I had an older version of ML on my 60D that didnt do alot for still shooting, so I removed it, but it was quite a neat set-up. all menu's were normal, and there was a seperate menu system for the ML software. Im thinking about adding it again now that it has the advanced Av/Tv/M stuff.... that could be useful for me.

Side note: My 60d had the latest firmware version when I installed ML and I thought I bricked my 60D. A re-install of the latest canon firmware (same version I was already running from factory) fixed it. The M.L. website states this might happen. So I SUGGEST updating your camera to the latest firmware, even if you are already running that version.

Other than that my ML worked great, no issues.


----------



## Frodosbigtoe (Jan 18, 2013)

Sorry guys but I haven't put out any wrong or disinformation about ML. All I've done is ask a question about software that I'm unfamiliar with(did you notice the question mark?)


----------



## Marsu42 (Jan 18, 2013)

Frodosbigtoe said:


> Sorry guys but I haven't put out any wrong or disinformation about ML. All I've done is ask a question about software that I'm unfamiliar with(did you notice the question mark?)



Because the word combination "brick maker" shows up in searches and on the main CR site, you might want to read about psychological priming. It's just like asking "Is Obama the new Hitler?", such a question cannot be asked w/o an (intended or unintended) tendendcy. So you might want to change the thread title if so many people ask you for it.



hjulenissen said:


> I have tested the focus peaking feature, but it made my camera restart after 60 seconds or so.

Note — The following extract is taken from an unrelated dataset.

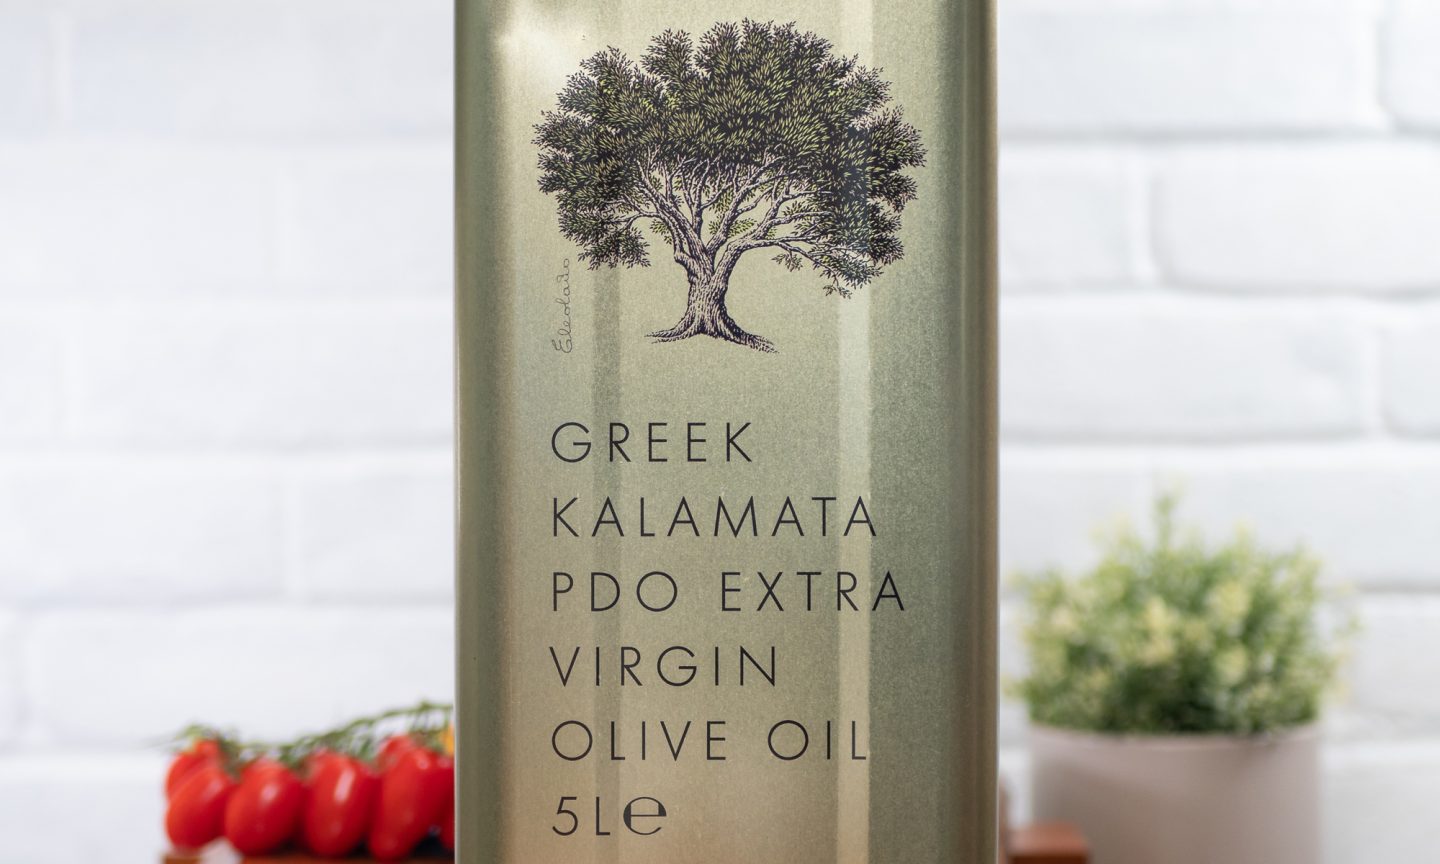 NEW Arrival Of Odysea Kalamata Greek PDO Extra Virgin Olive Oil 5l Tins

Well, that's why it called "alpha" - the ml devs are nowadays very conscious when labeling releases.



hjulenissen said:


> I work as a software developer, and I have learned that "never" is a famous last word just before badness tends to happen...

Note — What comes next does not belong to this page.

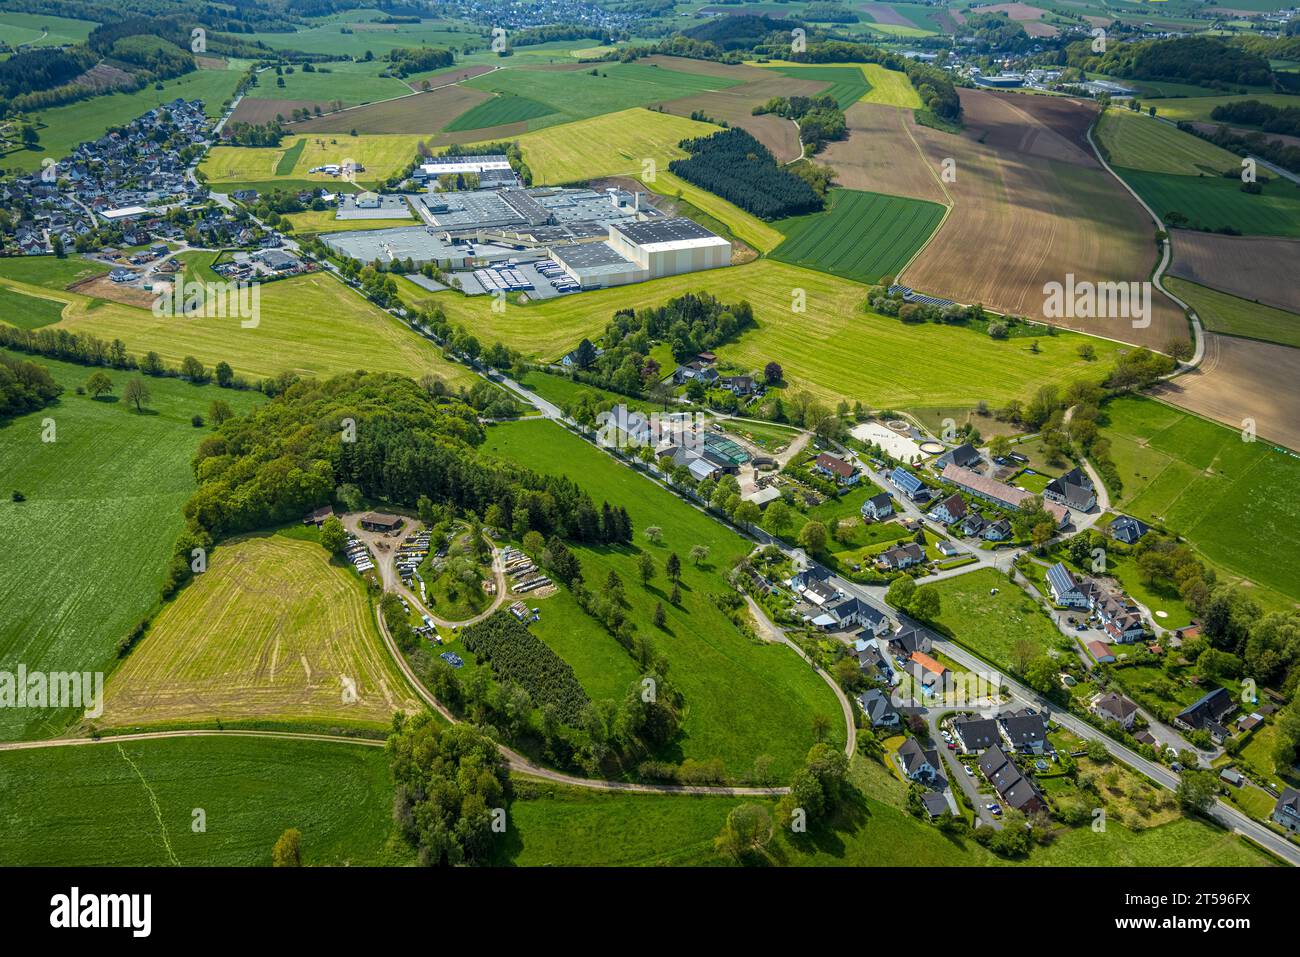 Aerial view, Tillmann paper and corrugated cardboard factory, timber yard in Seidfeld, Stockum, Sundern, Sauerland, North Rhine-Westphalia, Germany, D Stock Photo

The change from 2+ years ago is that now the main ml devs have access to the actual hardware because they get it sponsored, so 2-3 people use ml all day long and try to provoke bugs - so if there should be a serious bug hidden in a stable release it'd rather a freak accident to find it. 

Last not least: Even if a camera is "bricked" it can be recovered most of the time, see the ml site on this - it's mostly because Canon variables in the nvram were set to bad values. The only possible hardware damage is overheating when ml goes into a tight loop, in this case just pull the battery in time and restart. But the possibility of this is extremely small since so many people use the unified release so the "early adopter's days" are over.


----------



## Dukinald (Jan 18, 2013)

Have installed/used ML in my T2i with no issues. The fact that the software just resides in the SD/CF card and the simple installation convinced me that bricking my camera is unlikely. It is not like jailbreaking a smartphone where you access and overlay the firmware in ROM.

More power to the ML community !


----------



## cliffwang (Jan 18, 2013)

hjulenissen said:


> cliffwang said:
> 
> 
> > Agree! If you have basic computer knowledge and know how ML works, you should know ML will never brick your camera. We need to stop giving this kind wrong information.
> ...


You are right. I shouldn't use "NEVER". As an IT guy, I can clearly say an application should _not_ damage a system if the application is not going to deal with the firmware/hardware directly. ML is just an application, not a real firmware.


----------